Appearing in a Sioux Falls, South Dakota court Monday, the two pleaded not guilty to several counts — including aggravated assault with a dangerous weapon, distribution of marijuana to a minor, distributing a controlled substance to a minor and abuse or cruelty to a minor.


According to authorities, the alleged abuse had been going on for several years. The victims include three boys — aged 17, 13 and 11 — and a 15-year-old girl who are all related. Some are half-siblings.

Captain Josh Phillips with the Minnehaha County Sheriff’s Office said the Longs shocked the kids with a “hot shot cattle prod to get the children to obey commands or if they weren’t listening.” Phillips added the children said it “had been used on them numerous times the last three years.”

Authorities first received a child abuse complaint on May 13, after one of the kids spoke with a Marine Corp recruitment sergeant about his home life. That sergeant called relatives, who then called the police. When police visited the home, Crystallynn was home, but Lance wasn’t.

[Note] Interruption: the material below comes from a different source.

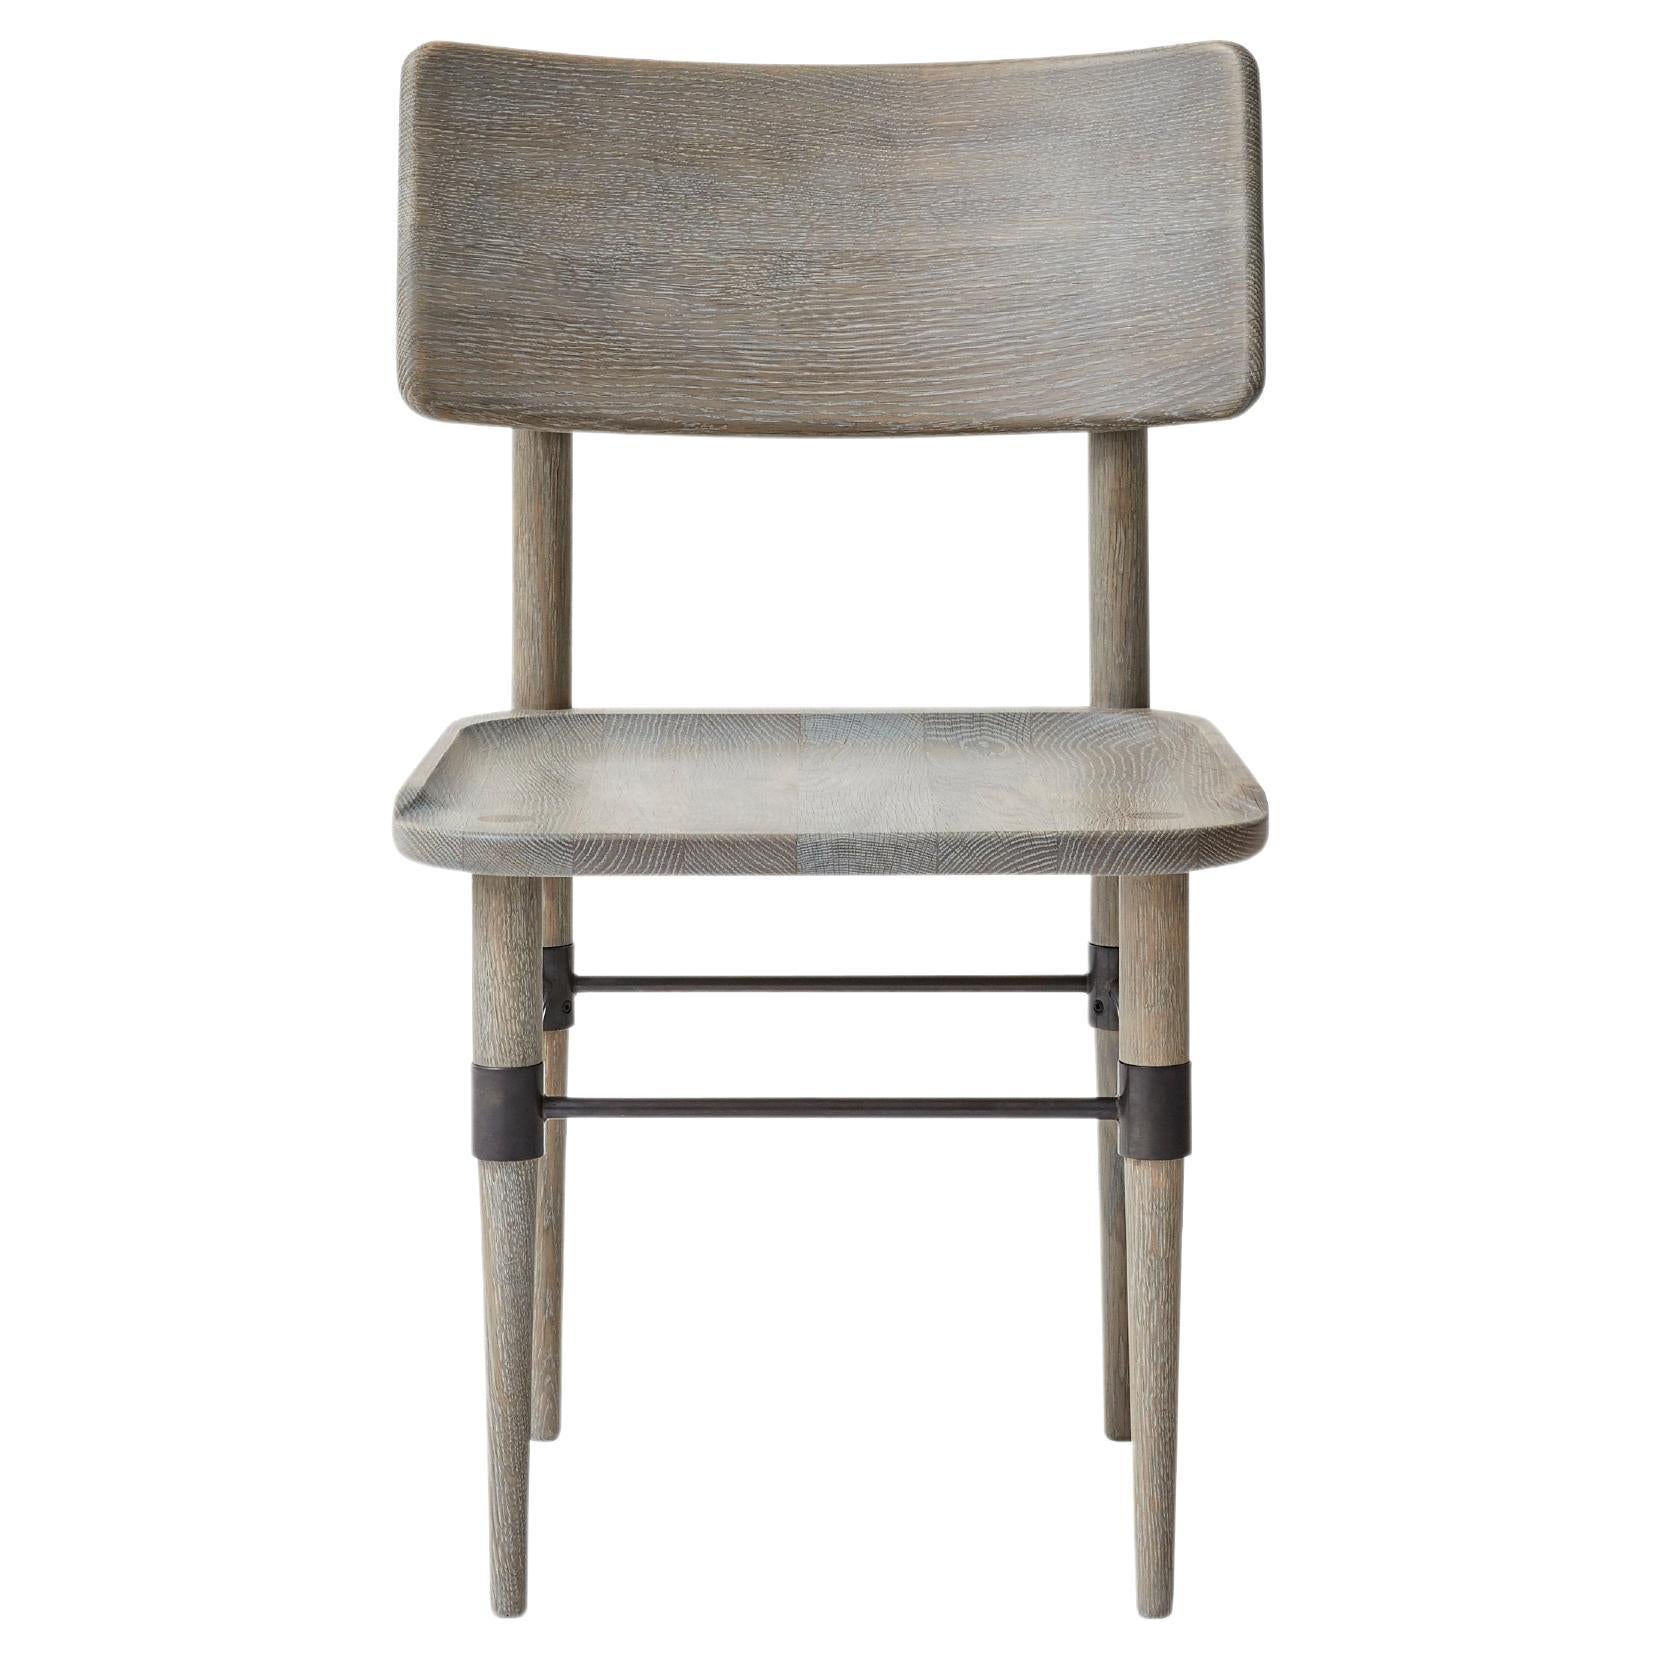 MG101 Dining chair in grey oak by Malte Gormsen Design by Space Copenhagen For Sale

According to the arrest warrant, she admitted Lance would “sometimes chase their children with a hot-shot taser to intimidate them,” but also said he “doesn’t actually taze them.”

During their interviews, one of the children reportedly told police Lance gave him and his siblings meth and marijuana over the last two and a half years. He also said they were given drugs by Lance because he thought it would “help them learn about drugs, so that drugs wouldn’t ruin their lives later on.”

The four children are currently in the custody of the Department of Social Services.